Before this study, moss reproduction was primarily thought to depend on individual sperm swimming through a water layer between male and female plants.

Though recent research has hinted that microarthropods help disperse sperm in mosses, nothing was known about whether moss plants, like flowering plants, also use chemical signals to entice animal visitation.

As part of research into species that live in “extreme” environments, Eppley and Rosenstiel, both faculty members of PSU’s Center for Life in Extreme Environments, have studied mosses for years.

Mosses are one of the most adaptive species on Earth and one of the few found on all seven continents, including Antarctica.

The mosses used in this study are “what grows on our rooftops here in Portland,” which are fairly hostile environments for plant life, Rosenstiel said.

Working with James Pankow, the team analyzed the biogenic volatile organic compounds (VOCs) of the mosses, essentially creating a unique chemical profile of the plants’ emissions.

The results showed distinct “scents” for male and female mosses.
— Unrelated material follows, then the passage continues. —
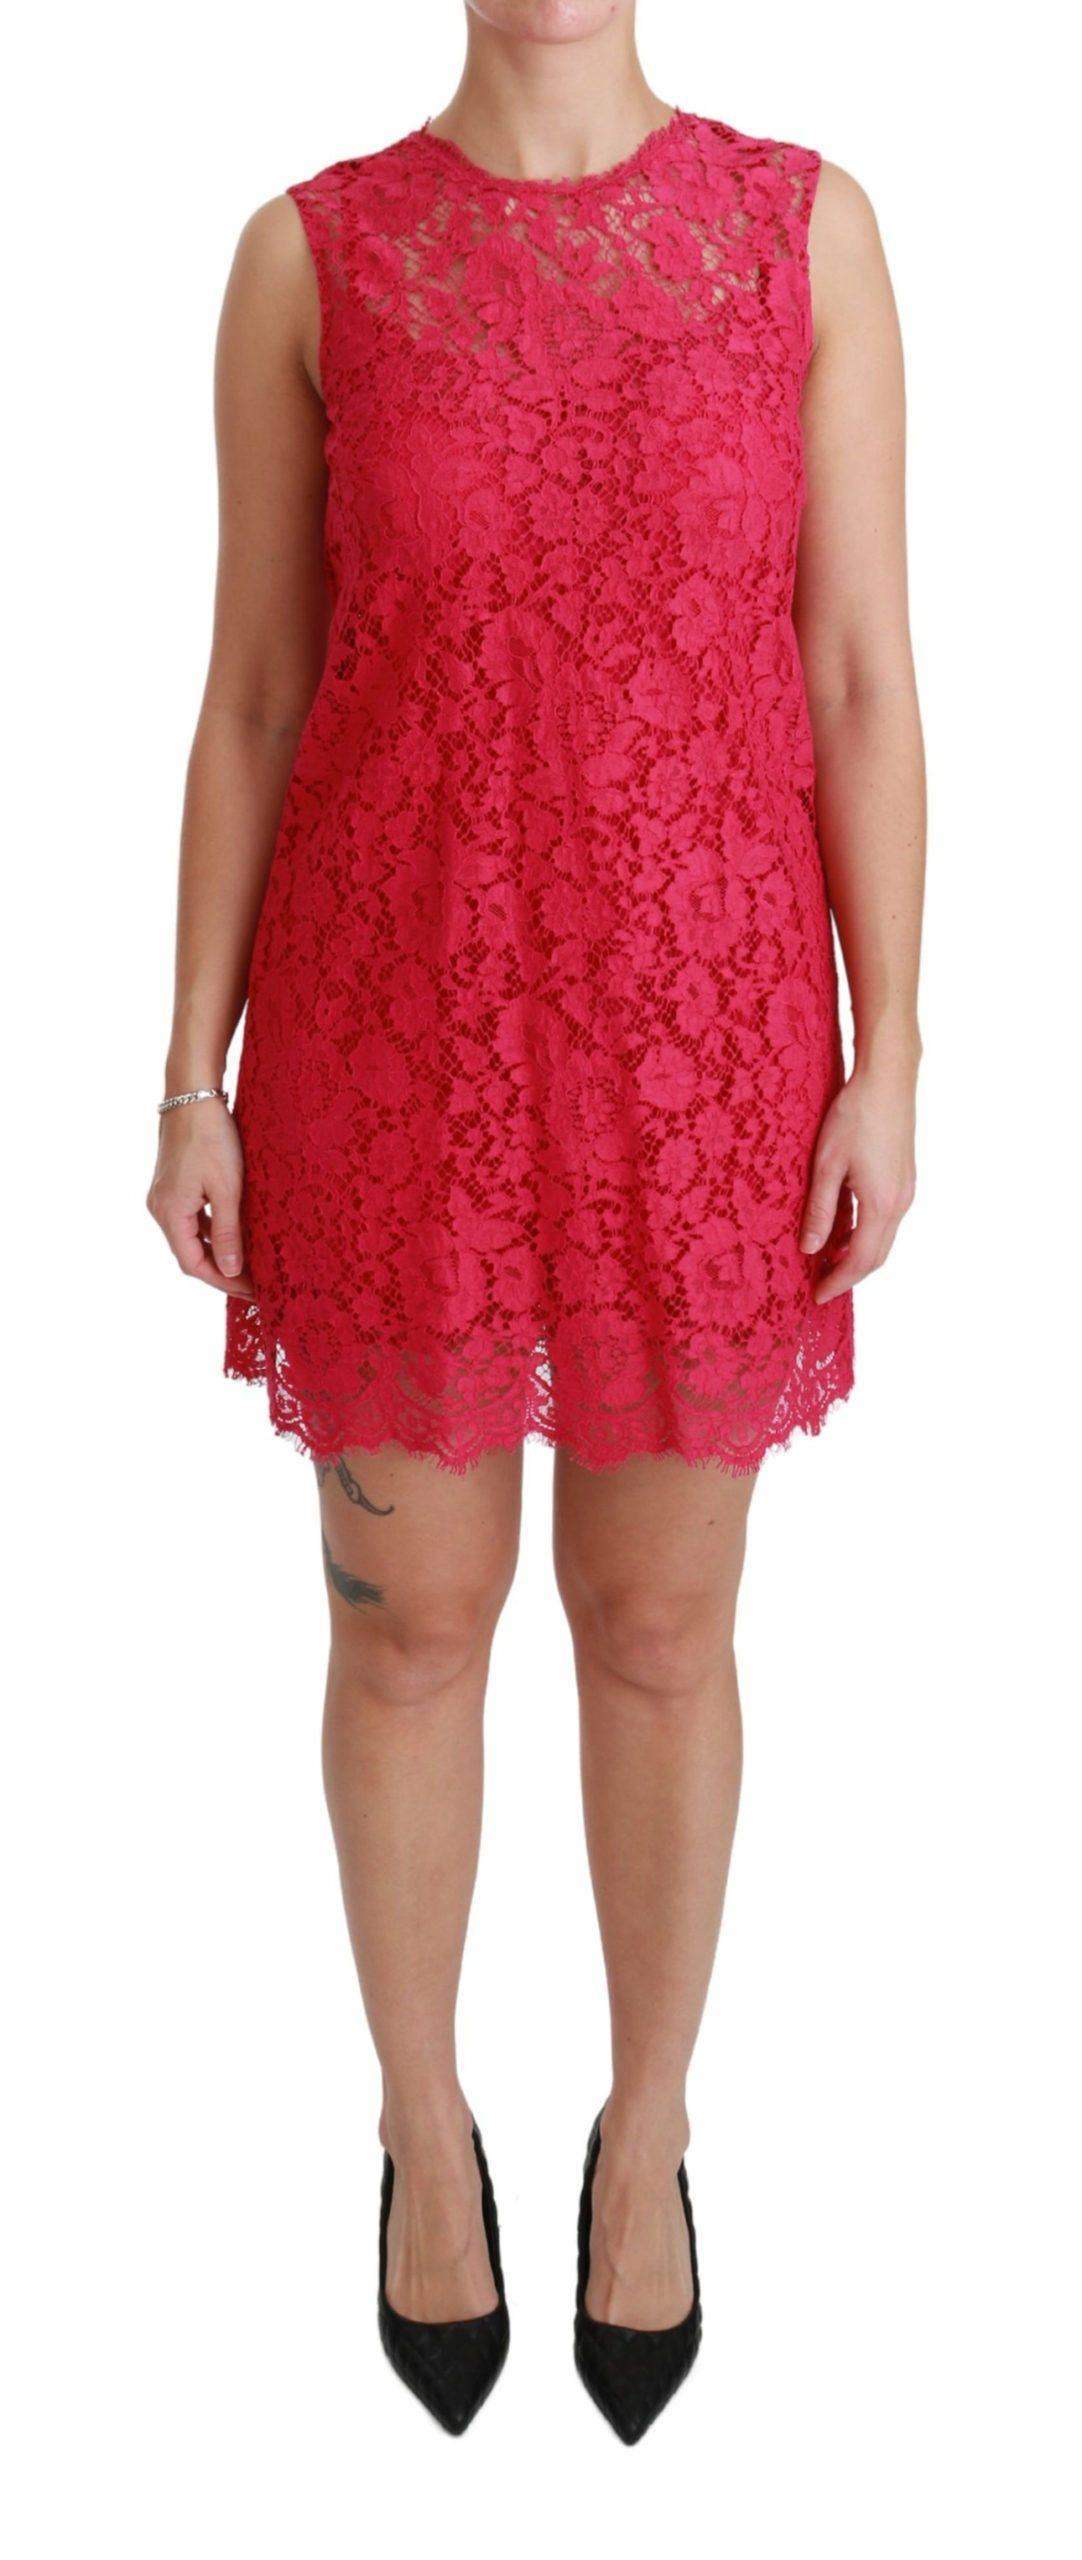 Dolce & Gabbana  Pink Floral Lace Shift Gown Mini Dress #women, Brand_Dolce & Gabbana, Catch, Clothing_Dress, Dolce & Gabbana, Dresses - Women - Clothing, feed-agegroup-adult, feed-color-pink, feed-gender-female, feed-size-IT36 | XS, feed-size-IT38|XS, feed-size-IT40|S, feed-size-IT42|M, feed-size-IT44|L, feed-size-IT46|XL, Gender_Women, IT36 | XS, IT38|XS, IT40|S, IT42|M, IT44|L, IT46|XL, Kogan, Pink, Women - New Arrivals at SEYMAYKA

Development of new state-of-the-art approaches for measuring VOCs at PSU enabled the discovery of this unknown pollination-like syndrome.

Mosses and microarthropods represent two of Earth’s most ancient terrestrial lineages, dating back at least 450 million years.

These results suggest that microarthropods not only likely impact the ecology of mosses found throughout Portland and the Pacific Northwest but that these microscopic friends may have played a key role in shaping the evolution of plants, ultimately leading to the many insect-pollinated crops on which humans have come to rely.

Funding for this research was provided by 3M Corporation and the National Science Foundation.